- Assignment:
Below are records with pictures in them. Transcribe everything from the line containing "New Unicorn Collection!" down to the line containing "Arthur Murray Downtown", exactly, and leave the pictures behind.

- Task material:
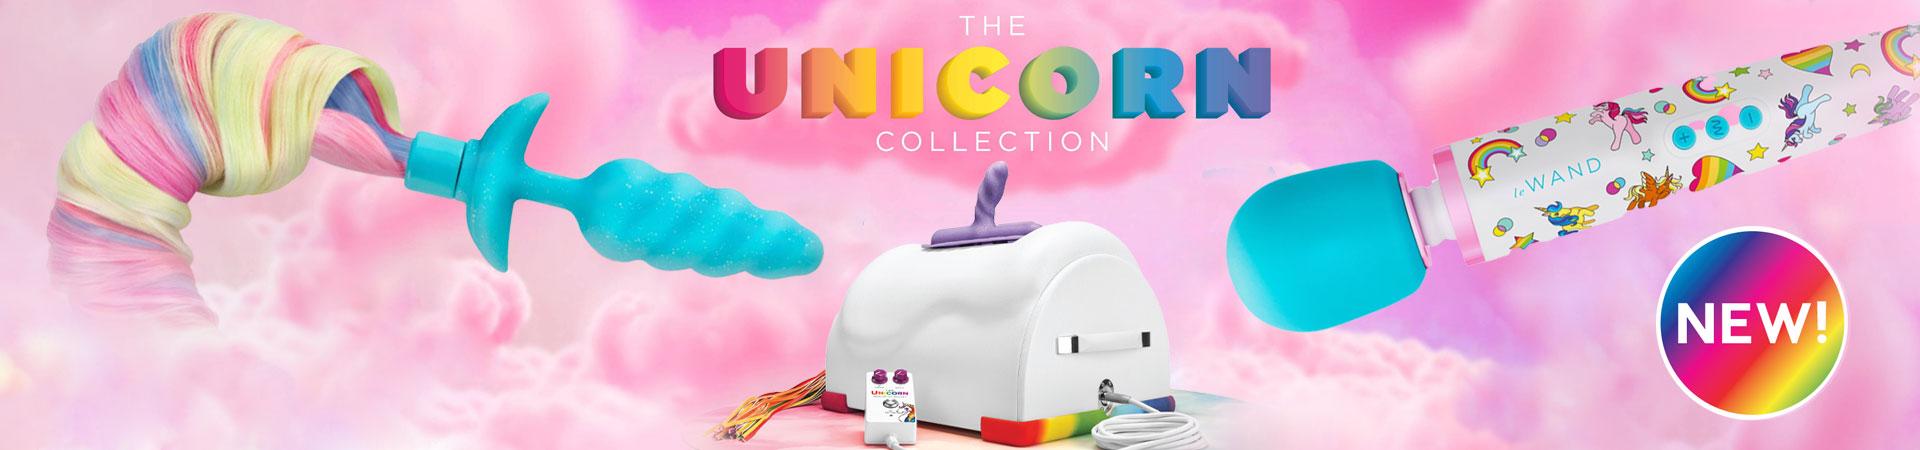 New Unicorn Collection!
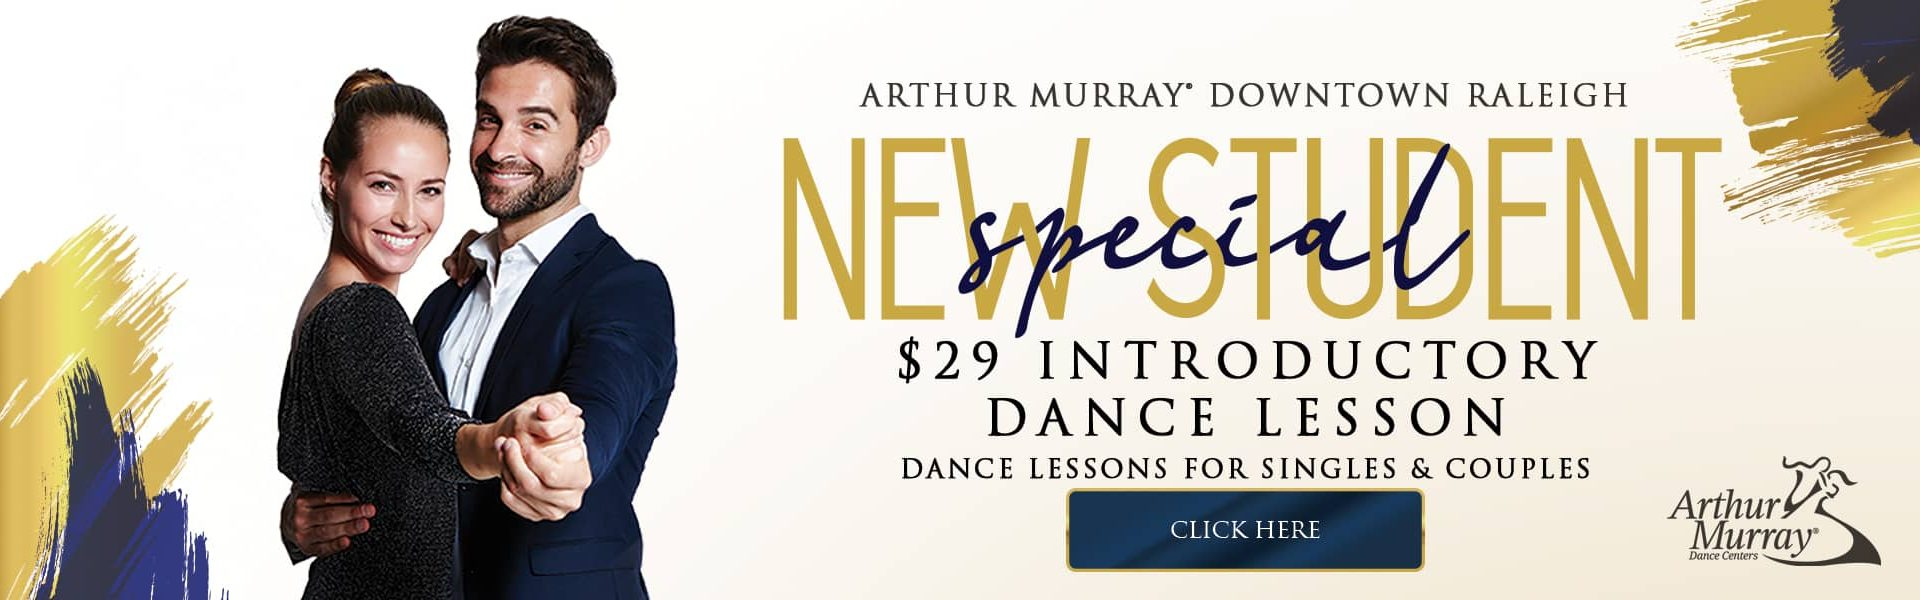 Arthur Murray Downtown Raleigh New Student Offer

* * *

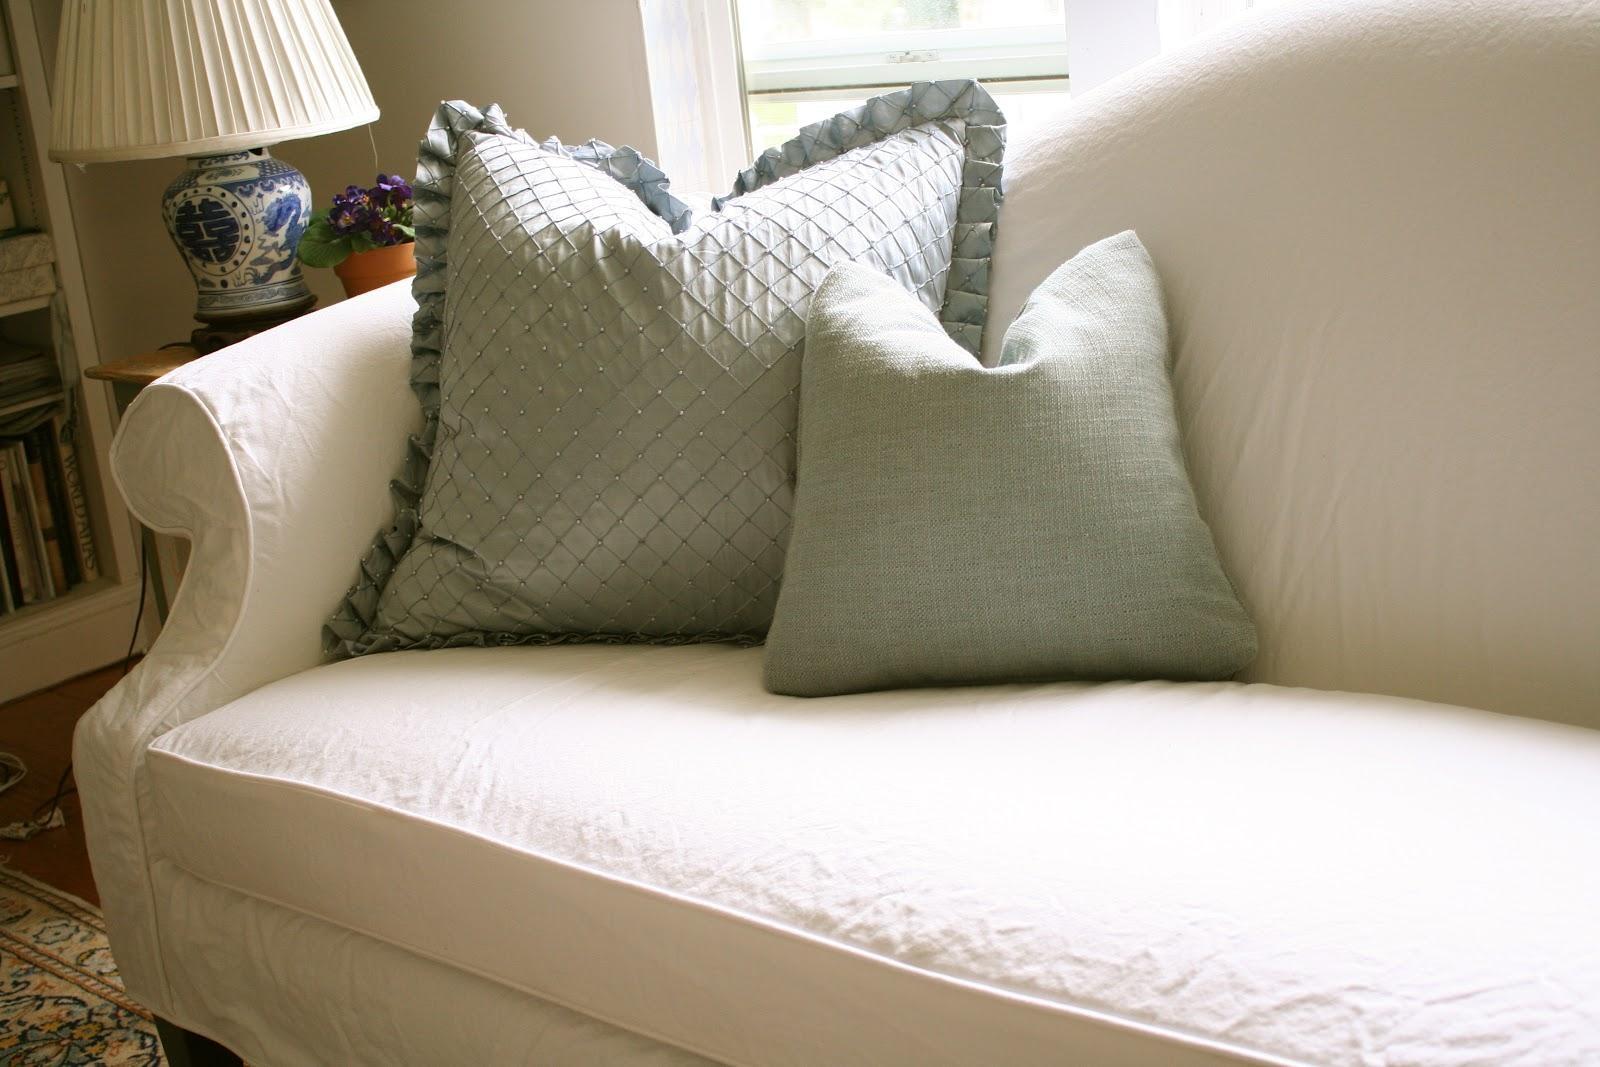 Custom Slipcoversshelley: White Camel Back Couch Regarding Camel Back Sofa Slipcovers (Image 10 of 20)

...

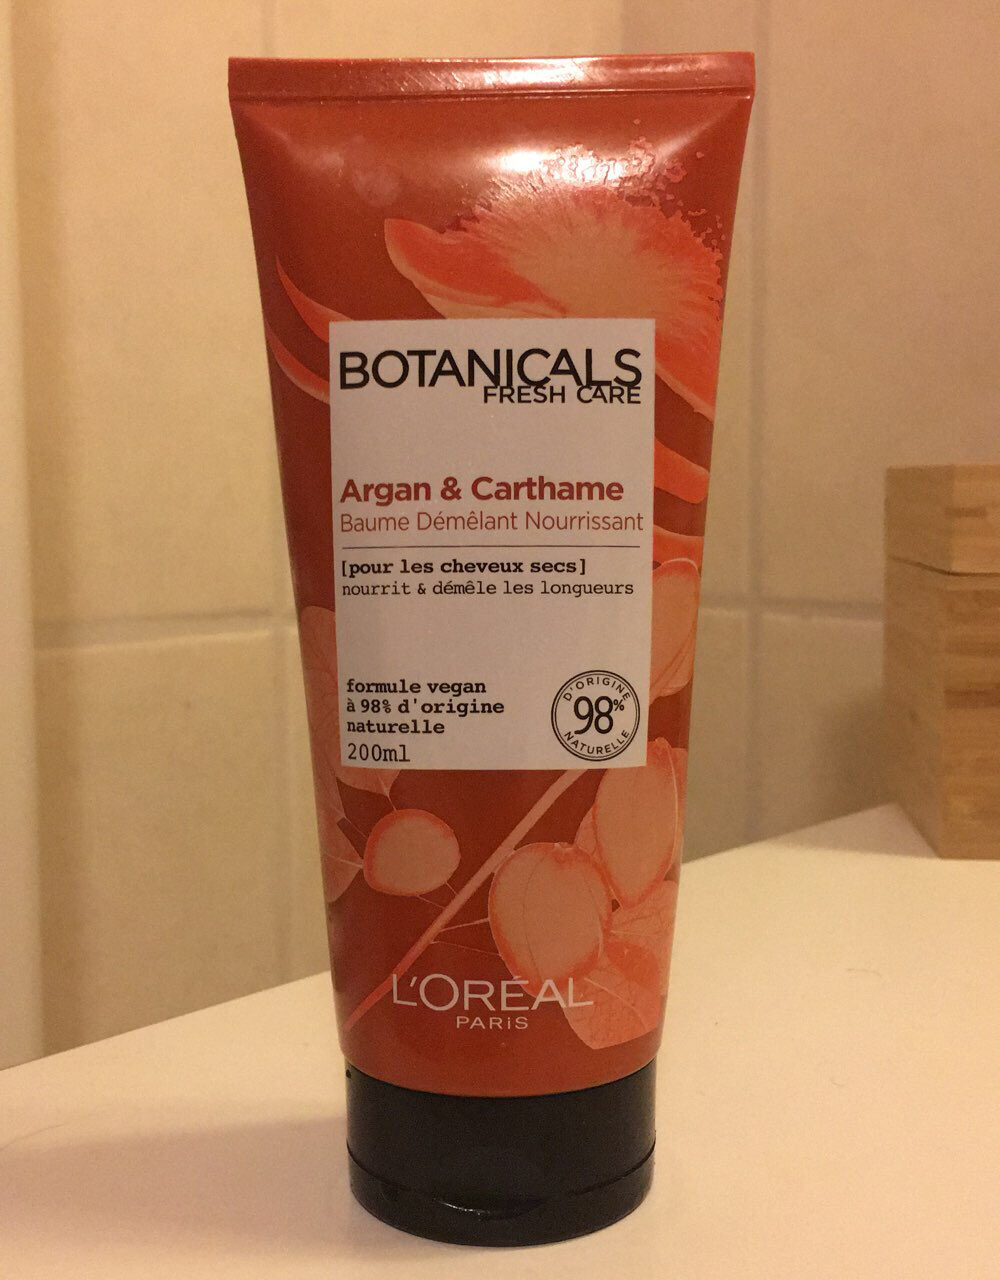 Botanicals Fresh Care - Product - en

- Completed exercise:
 New Unicorn Collection!
 Arthur Murray Downtown Raleigh New Student Offer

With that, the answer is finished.